For my part, the reason I think we ought to implement it *in*
Smalltalk is ... this is the String class of the new age. I want
Smalltalk to be handle Strings as native objects.

On 10 December 2015 at 23:41, Ben Coman <[hidden email]> wrote:

> On Wed, Dec 9, 2015 at 5:35 PM, Guillermo Polito
> <[hidden email]> wrote:
>>
>>> On 8 dic 2015, at 10:07 p.m., EuanM <[hidden email]> wrote:
>>>
>>> "No. a codepoint is the numerical value assigned to a character. An
>>> "encoded character" is the way a codepoint is represented in bytes
>>> using a given encoding."
>>>
>>> No.
>>>
>>> A codepoint may represent a component part of an abstract character,
>>> or may represent an abstract character, or it may do both (but not
>>> always at the same time).
>>>
>>> Codepoints represent a single encoding of a single concept.
>>>
>>> Sometimes that concept represents a whole abstract character.
>>> Sometimes it represent part of an abstract character.
>>
>> Well. I do not agree with this. I agree with the quote.
>>
>> Can you explain a bit more about what you mean by abstract character and concept?
>
> This seems to be what Swift is doing, where Strings are not composed
> not of codepoints but of graphemes.
>
>>>> "Every instance of Swift’s Character type represents a single extended grapheme cluster. An extended grapheme cluster is a sequence** of one or more Unicode scalars that (when combined) produce a single human-readable character. [1]
>
> ** i.e. not an array
>
>>>> Here’s an example. The letter é can be represented as the single Unicode scalar é (LATIN SMALL LETTER E WITH ACUTE, or U+00E9). However, the same letter can also be represented as a pair of scalars—a standard letter e (LATIN SMALL LETTER E, or U+0065), followed by the COMBINING ACUTE ACCENT scalar (U+0301). TheCOMBINING ACUTE ACCENT scalar is graphically applied to the scalar that precedes it, turning an e into an éwhen it is rendered by a Unicode-aware text-rendering system. [1]
>
>>>> In both cases, the letter é is represented as a single Swift Character value that represents an extended grapheme cluster.
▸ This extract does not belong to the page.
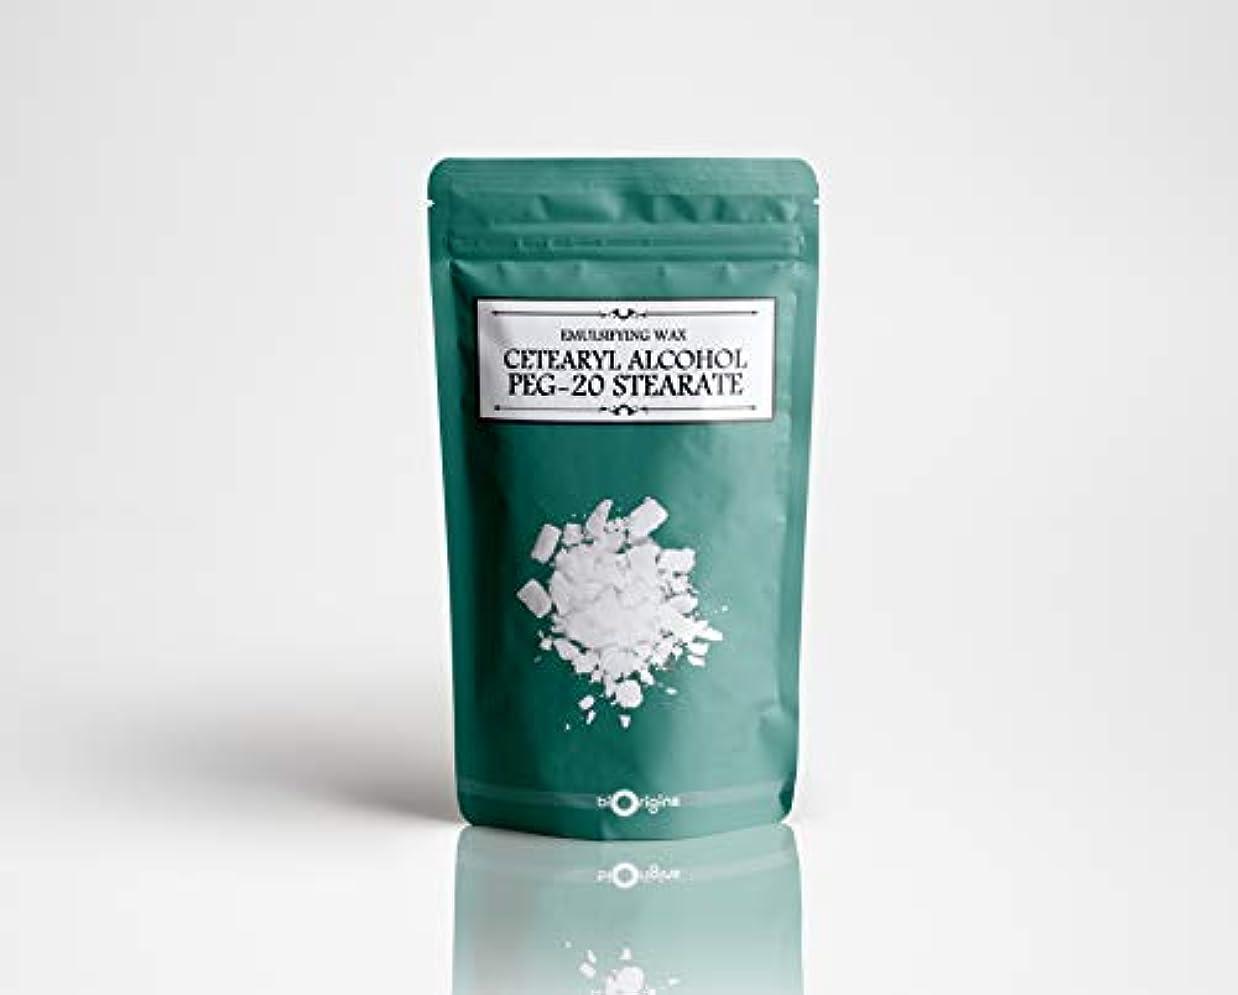 吸収薬用火山学者Emulsifying Wax (Cetearyl Alcohol/PEG-20 Stearate) 100g

In the first case, the cluster contains a single scalar; in the second case, it is a cluster of two scalars:" [1]
>
>>>> Swiftʼs string implemenation makes working with Unicode easier and significantly less error-prone. As a programmer, you still have to be aware of possible edge cases, but this probably cannot be avoided completely considering the characteristics of Unicode. [2]
>
> Indeed I've tried searched for what problems it causes and get a null
> result. So I read *all*good* things about Swift's unicode
> implementation reducing common errors dealing with Unicode. Can
> anyone point to complaints about Swift's unicode implementation?
> Maybe this...
>
>>>> An argument could be made that the implementation of String as a sequence that requires iterating over characters from the beginning of the string for many operations poses a significant performance problem but I do not think so. My guess is that Appleʼs engineers have considered the implications of their implementation and apps that do not deal with enormous amounts of text will be fine. Moreover, the idea that you could get away with an implementation that supports random access of characters is an illusion given the complexity of Unicode. [2]
>
> Considering our common pattern: Make it work, Make it right, Make it
> fast -- maybe Strings as arrays are a premature optimisation, that
> was the right choice in the past prior to Unicode, but considering
> Moore's Law versus programmer time, is not the best choice now.
> Should we at least start with a UnicodeString and UnicodeCharacter
> that operates like Swift, and over time *maybe* move the tools to use
> them.
>
> [1] https://developer.apple.com/library/ios/documentation/Swift/Conceptual/Swift_Programming_Language/StringsAndCharacters.html
> [2] http://oleb.net/blog/2014/07/swift-strings/
>
> cheers -ben
>
>>
>>>
>>> This is the key difference between Unicode and most character encodings.
>>>
>>> A codepoint does not always represent a whole character.
>>>
>>> On 7 December 2015 at 13:06, Henrik Johansen
>

Ben Coman

Re: [Pharo-dev] Unicode Support

On Fri, Dec 11, 2015 at 10:43 AM, EuanM <[hidden email]> wrote:

> I agree with all of that, Ben.
>
> I'm currently fairly certain that fully-composed abstract characters
> is a term that is 1:1 mapped with the term "grapheme cluster" (i.e.
> one is an older Unicode description of a newer Unicode term).
>
> And once we create these, I think this sort of implementation is
> straightforward. For particular values of "straightforward", of
> course :-)
>
> i.e. the Swift approach is equivalent to the approach I originally
> proposed and asked for critiques of.
>
> One thing I don't understand.... why does the fact the composed
> abstract character (aka grapheme cluster) is a sequence mean that an
> array cannot be used to hold the sequence?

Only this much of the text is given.